As a guideline on the definition of cognitive impairment, the mini-mental state examination (MMSE) score process was used. The MMSE test, also called neurocognitive testing, is scored from 0 to 30. The test is also divided into sections, each with its own score. These results help show which part of someone’s thinking and memory may be affected – a score of 25-30 is considered normal.

The results were analyzed only from studies that used a widely adopted definition of cognitive impairment (i.e., mini-mental state examination score <25 or nearest equivalent) and explored the association of this definition of cognitive impairment with future stroke.

A higher rate of stroke was observed in people with cognitive impairment than in people with normal cognitive function.

On further analyses performed on stroke outcome (fatal v. nonfatal) and type of stroke (ischemic v. hemorrhagic), the academics found that baseline cognitive impairment was associated with an increased risk of fatal stroke but not with nonfatal stroke. When they combined data by ischemic or hemorrhagic stroke, an association was found between baseline cognitive impairment and an increased risk of ischemic stroke but no increased risk of hemorrhagic stroke.

The authors of the study write:

We found that the risk of future stroke was 39% higher among patients with cognitive impairment at baseline than among those with normal cognitive function at baseline. This risk increased to 64% when a broadly adopted definition of cognitive impairment was used.”

Previous studies have shown that atherosclerosis and inflammation are associated with an increased risk of both cognitive impairment and stroke.
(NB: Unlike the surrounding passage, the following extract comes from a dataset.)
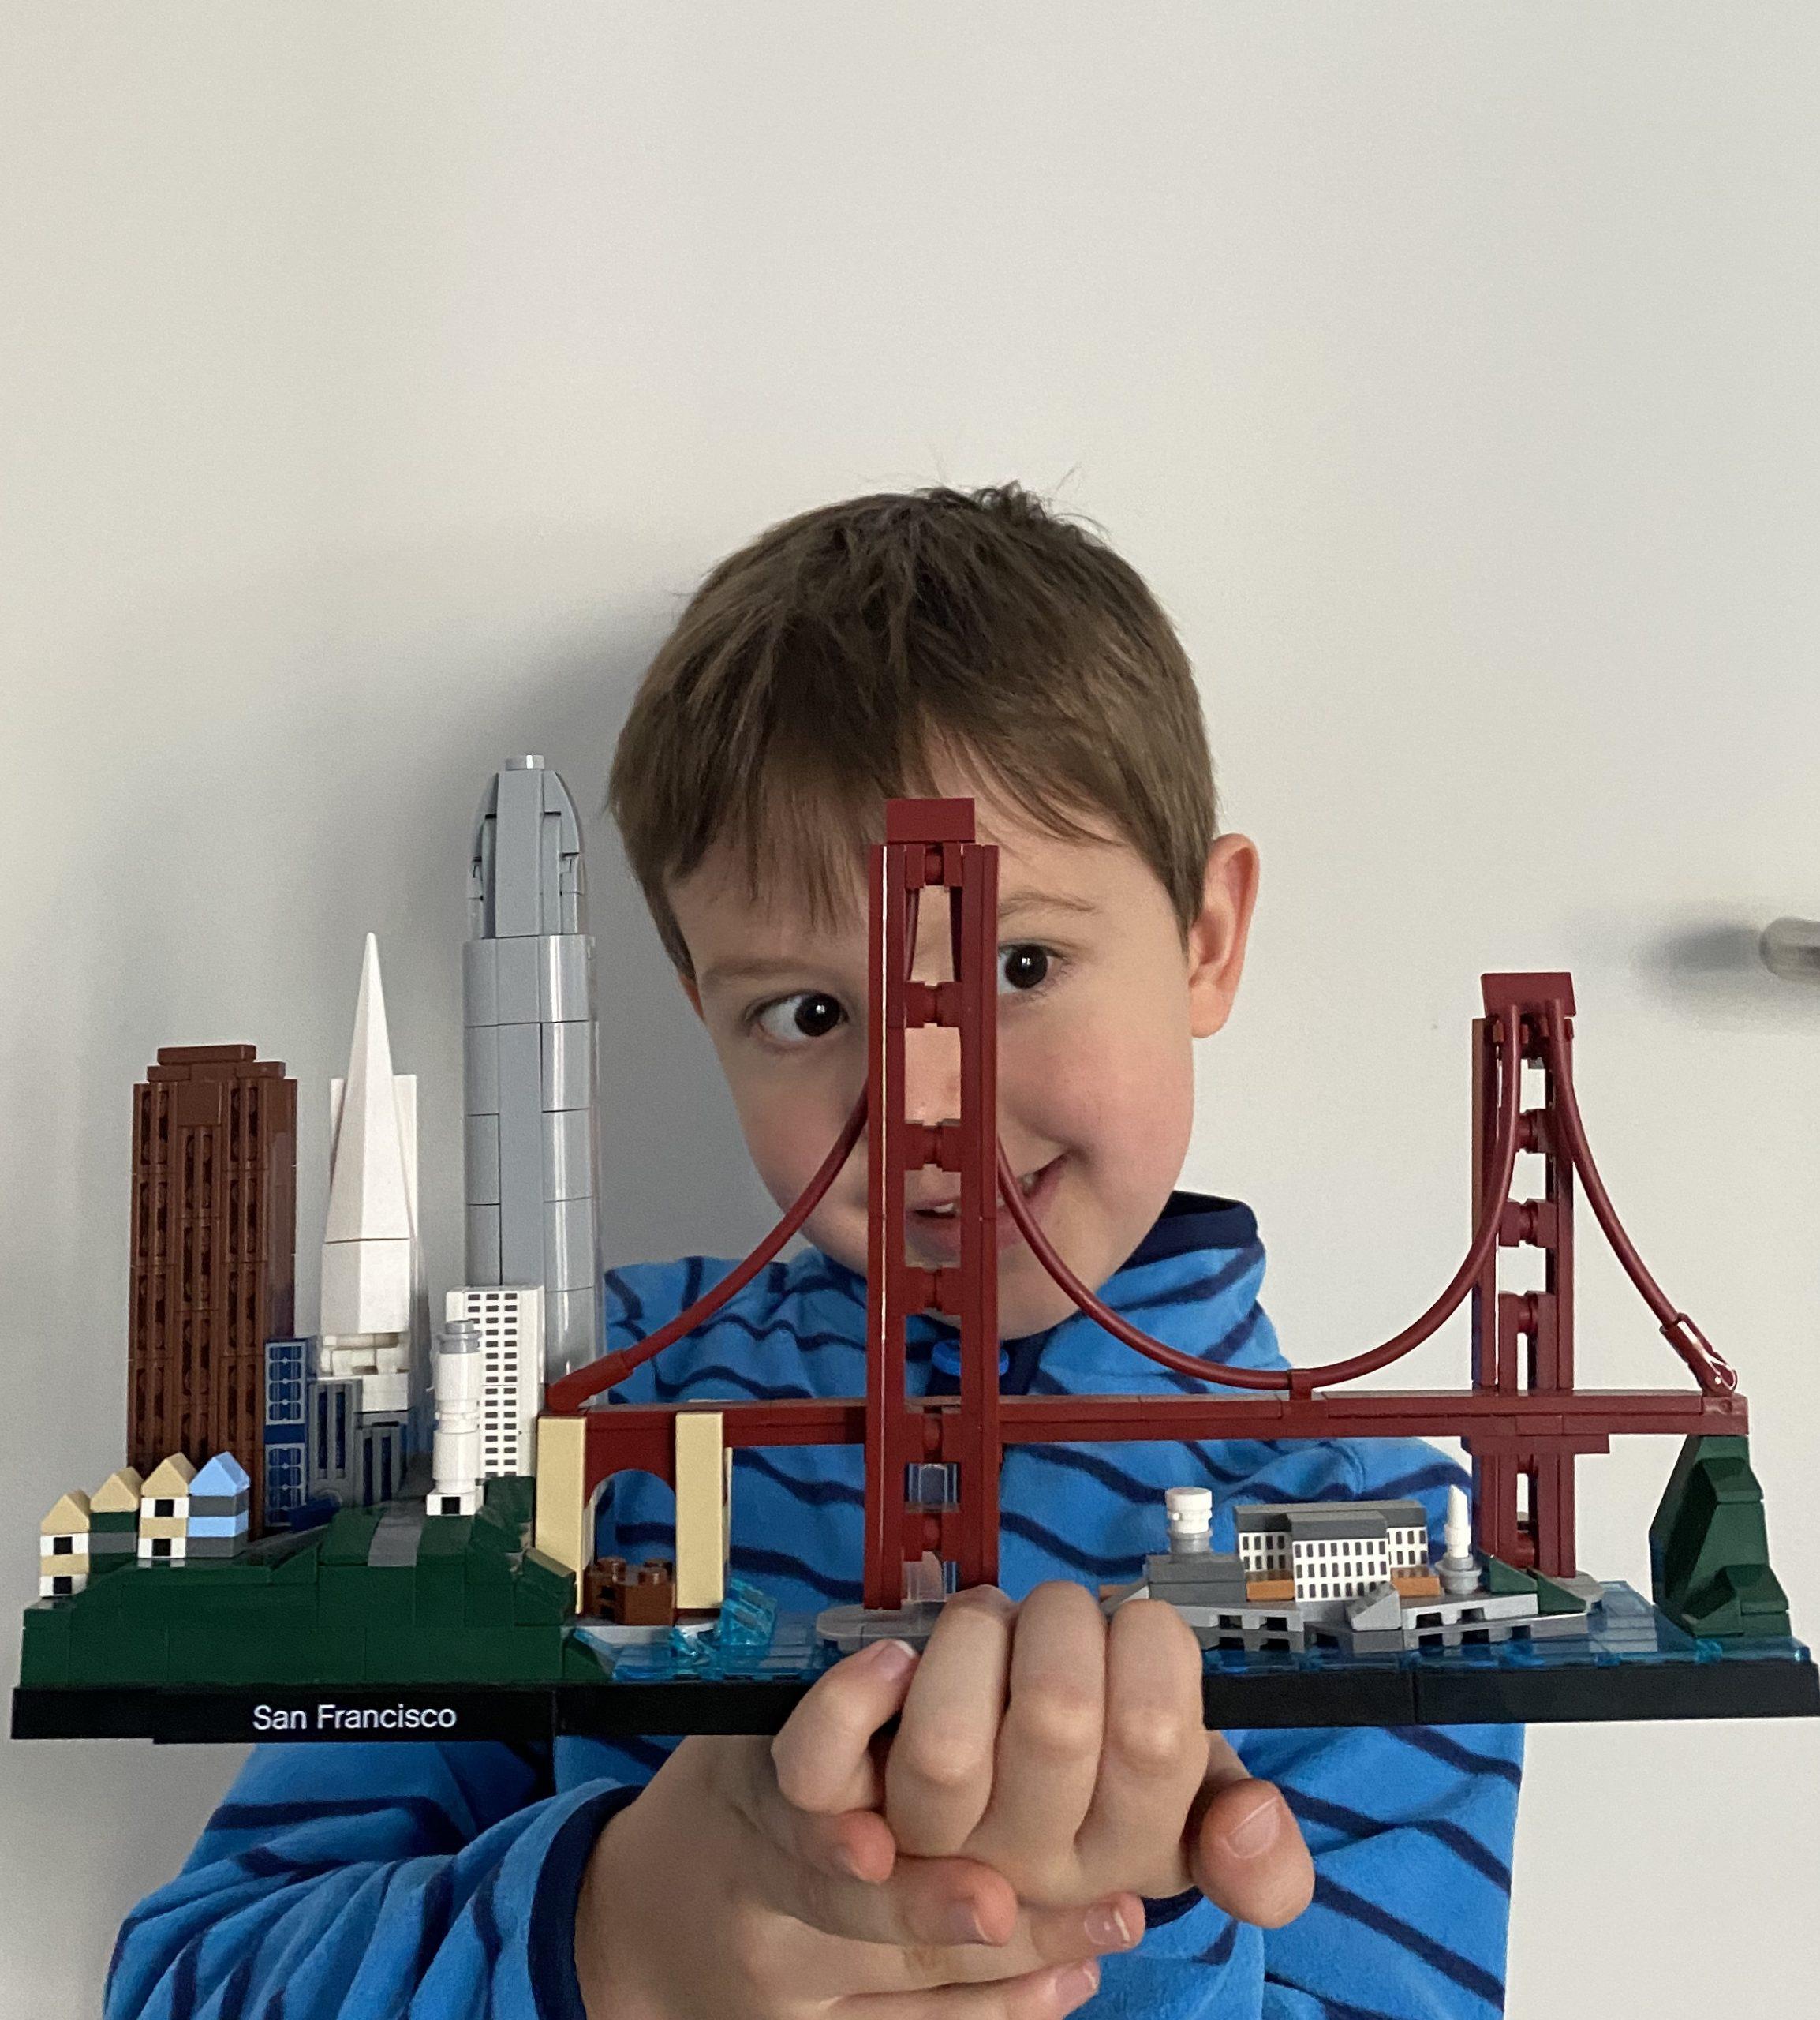 Nadja's son with San Francisco legos.

Increased coronary artery calcification is interconnected with poor memory in midlife and independently increases the risk of future stroke in the general population.

Cognitive impairment is also connected with high variability in blood pressure, which itself is a risk factor for stroke. Finally, cognitive impairment can be linked to factors such as lack of medication compliance, poor diet, physical inactivity, frailty and depression, which increase the risk of stroke.

Findings suggest that identifying people with cognitive impairment may provide opportunities to reduce the future burden of stroke through the timely implementation of evidence-based prevention strategies.

“Cognitive impairment should be more broadly recognized as a possible early clinical manifestation of cerebral infarction, so that timely management of vascular risk factors can be instituted to potentially prevent future stroke events and to avoid further deterioration of cognitive health,” conclude the authors.

Earlier this year, Medical News Today reported how mild cognitive impairment is linked to early death. People who have thinking problems – but who have an intact memory – may be more prone to early death than people who have no problems with their memory or thinking. These are the findings of one of the first studies to look at the relationship between early death and mild cognitive impairment.